■ **PROBLEM DETAILS**: Print the listing below again, exactly. Skip the pictures.
Top of DATASET CONTENT
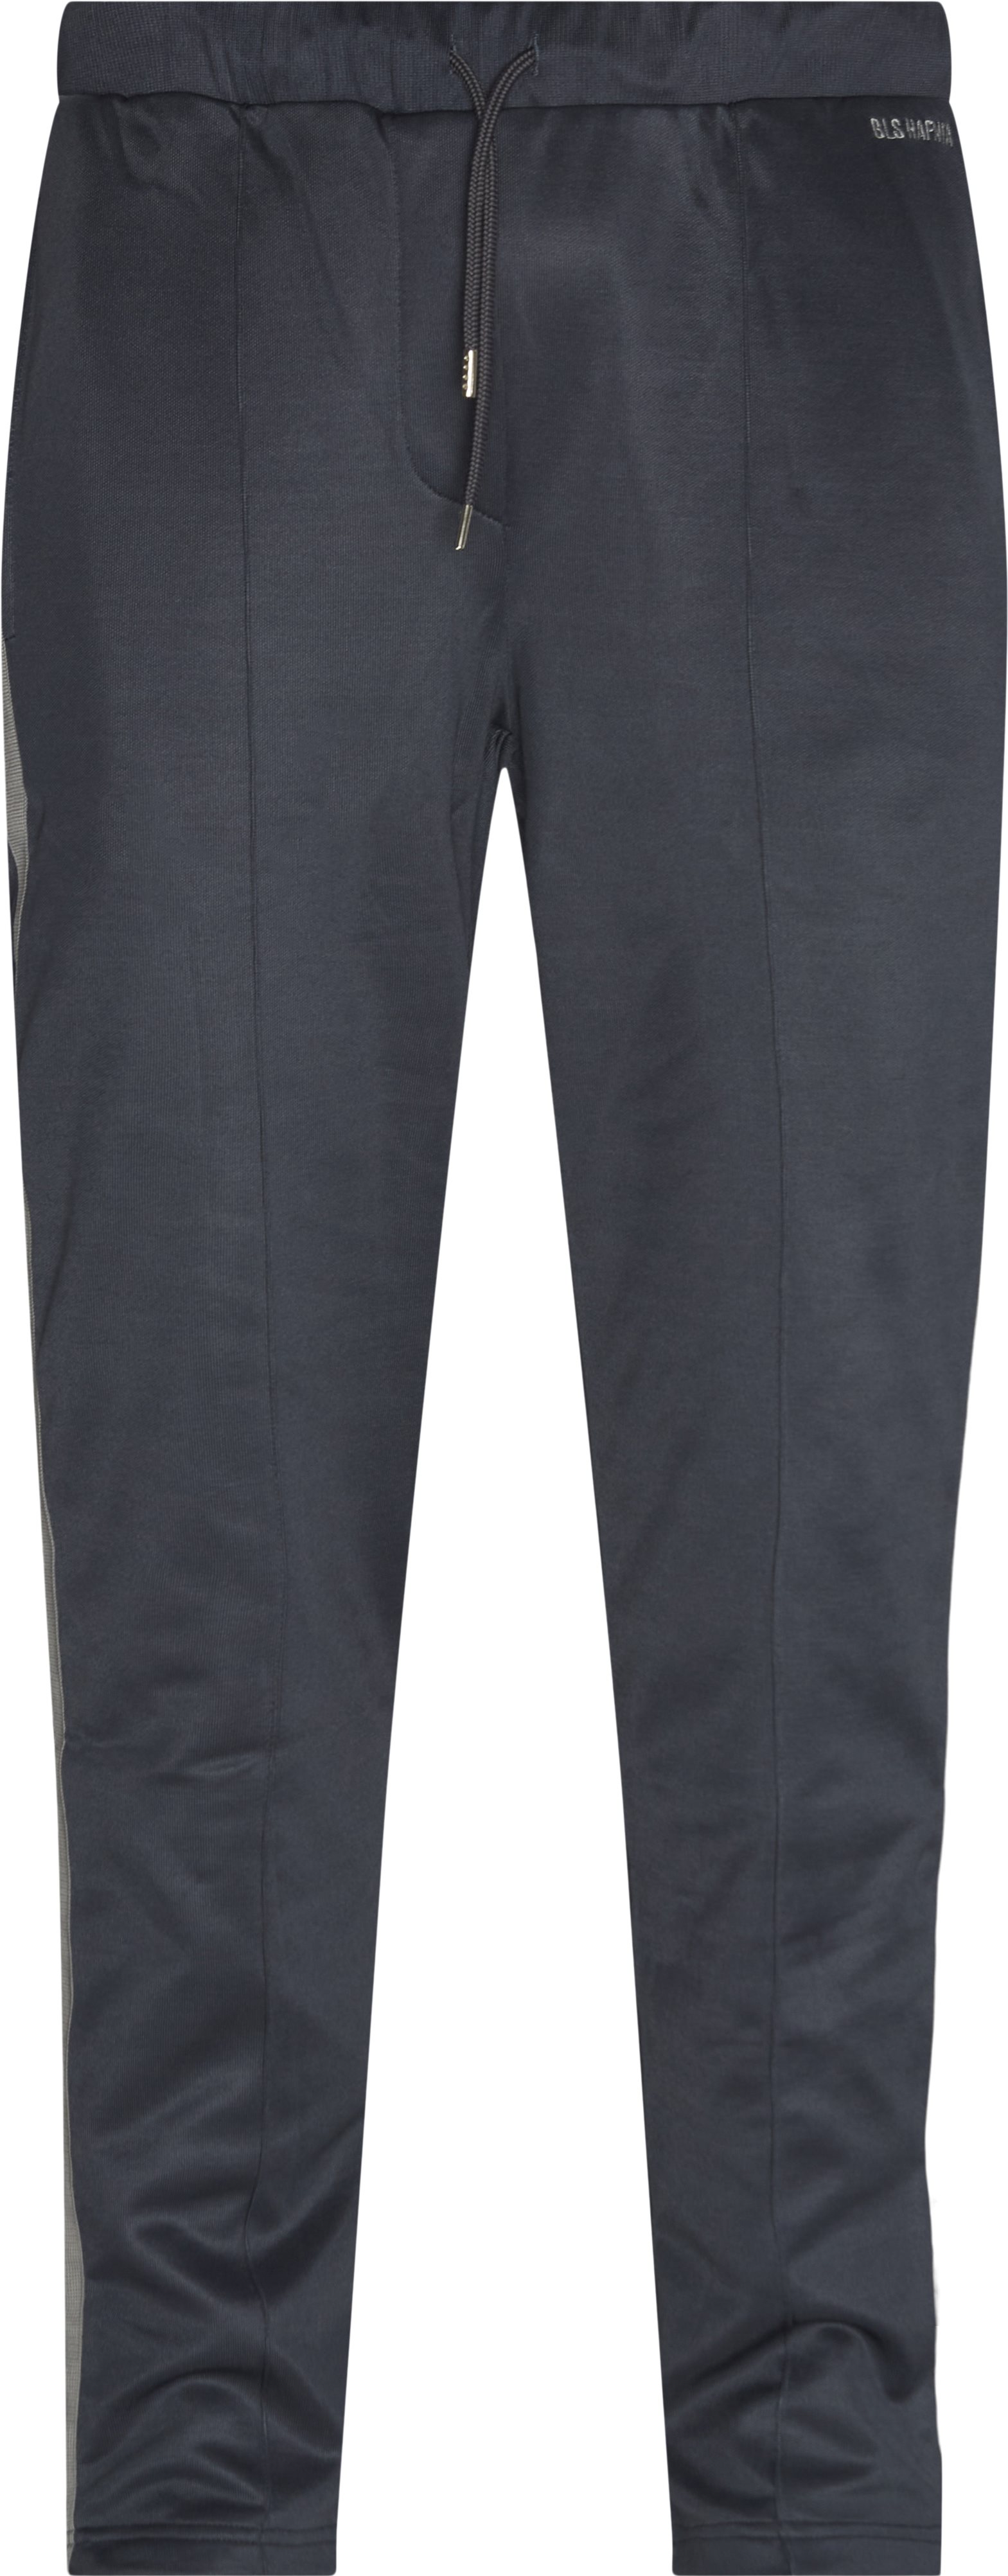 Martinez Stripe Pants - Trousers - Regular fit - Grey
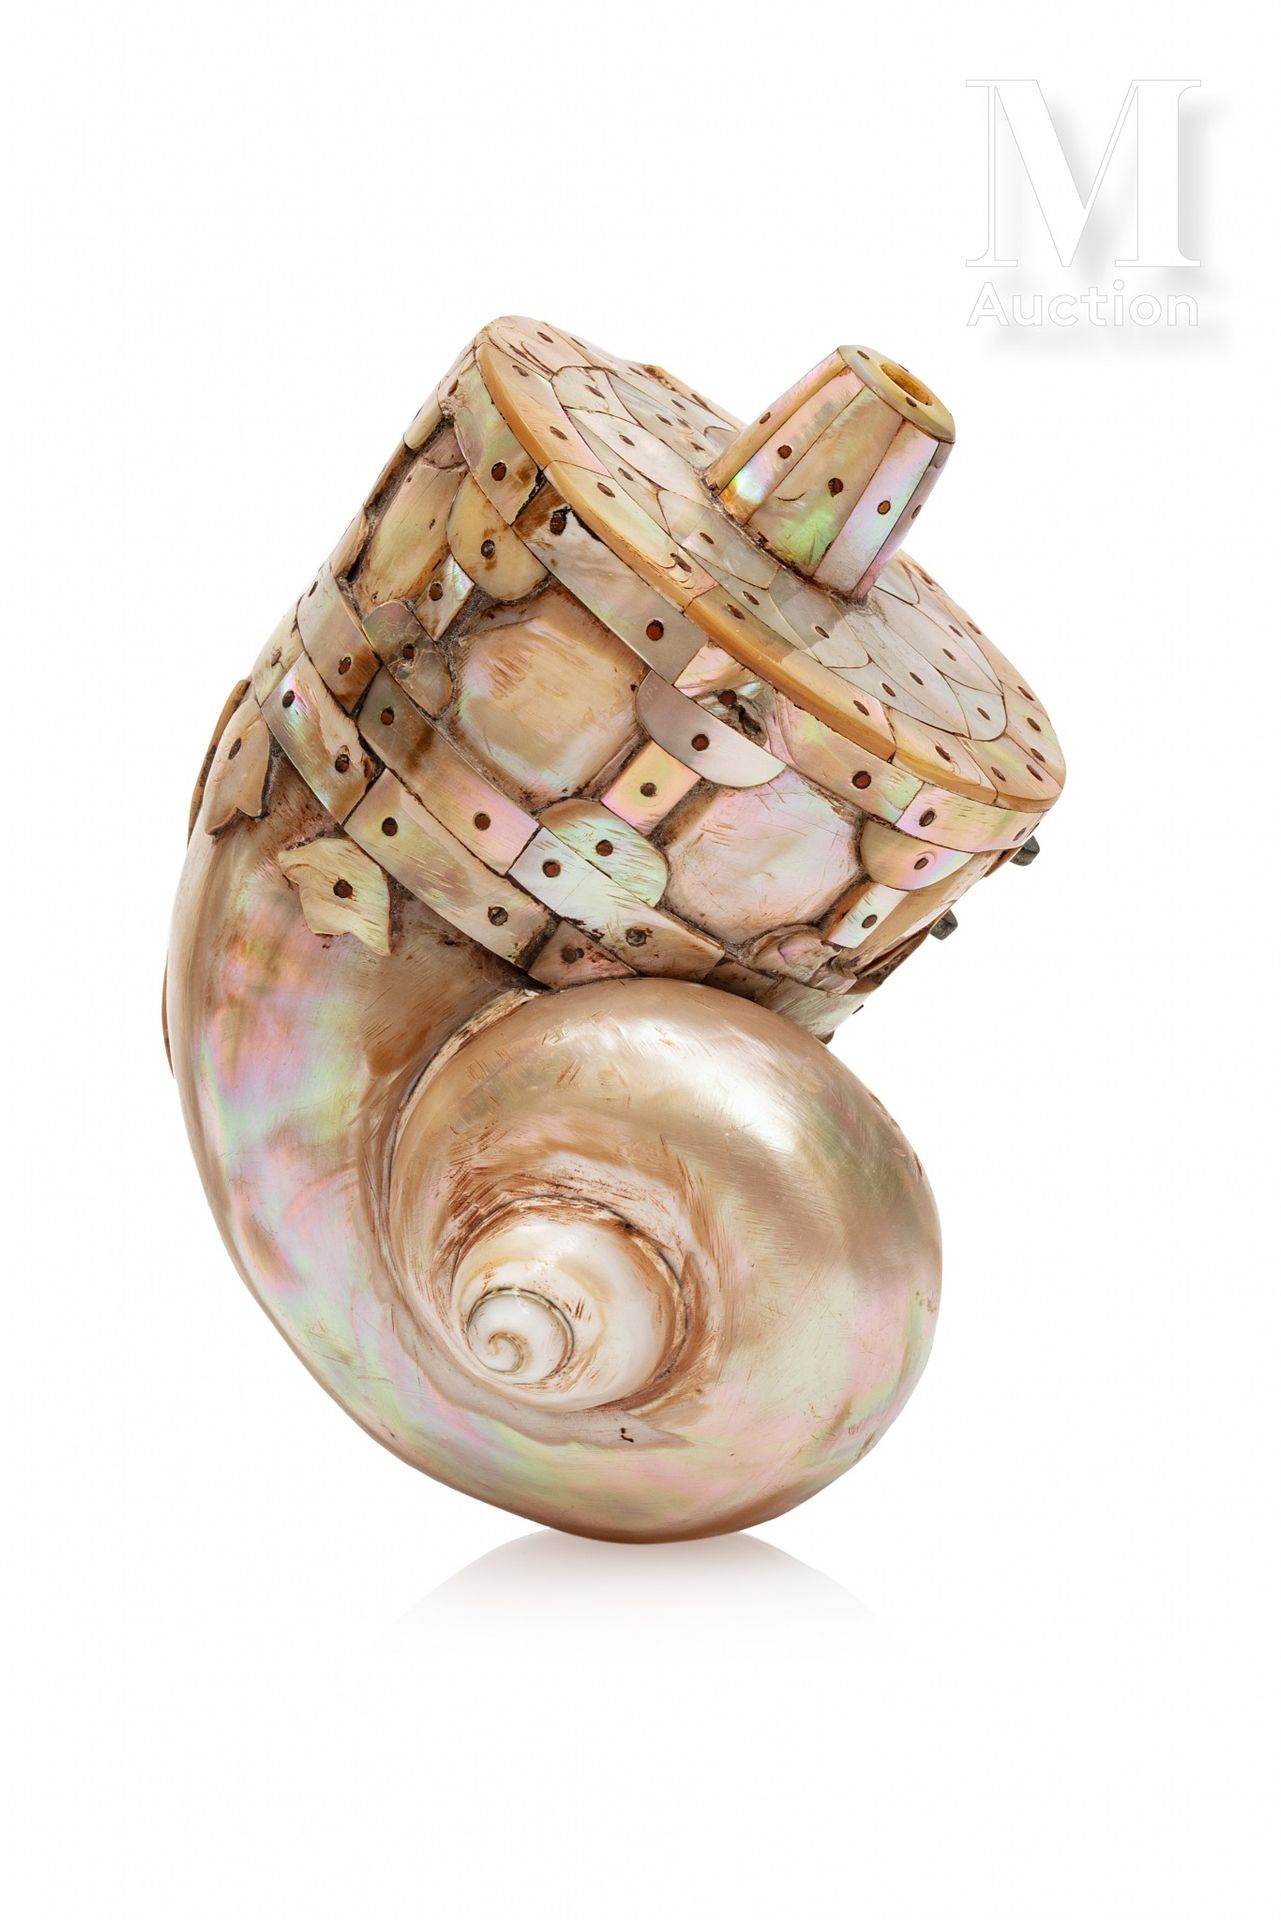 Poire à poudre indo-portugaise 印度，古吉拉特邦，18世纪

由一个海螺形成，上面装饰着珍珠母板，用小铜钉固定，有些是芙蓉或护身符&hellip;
Bottom of DATASET CONTENT
■ **SOLUTION FOR THIS PROBLEM**:
 Martinez Stripe Pants - Trousers - Regular fit - Grey
 Poire à poudre indo-portugaise 印度，古吉拉特邦，18世纪

由一个海螺形成，上面装饰着珍珠母板，用小铜钉固定，有些是芙蓉或护身符&hellip;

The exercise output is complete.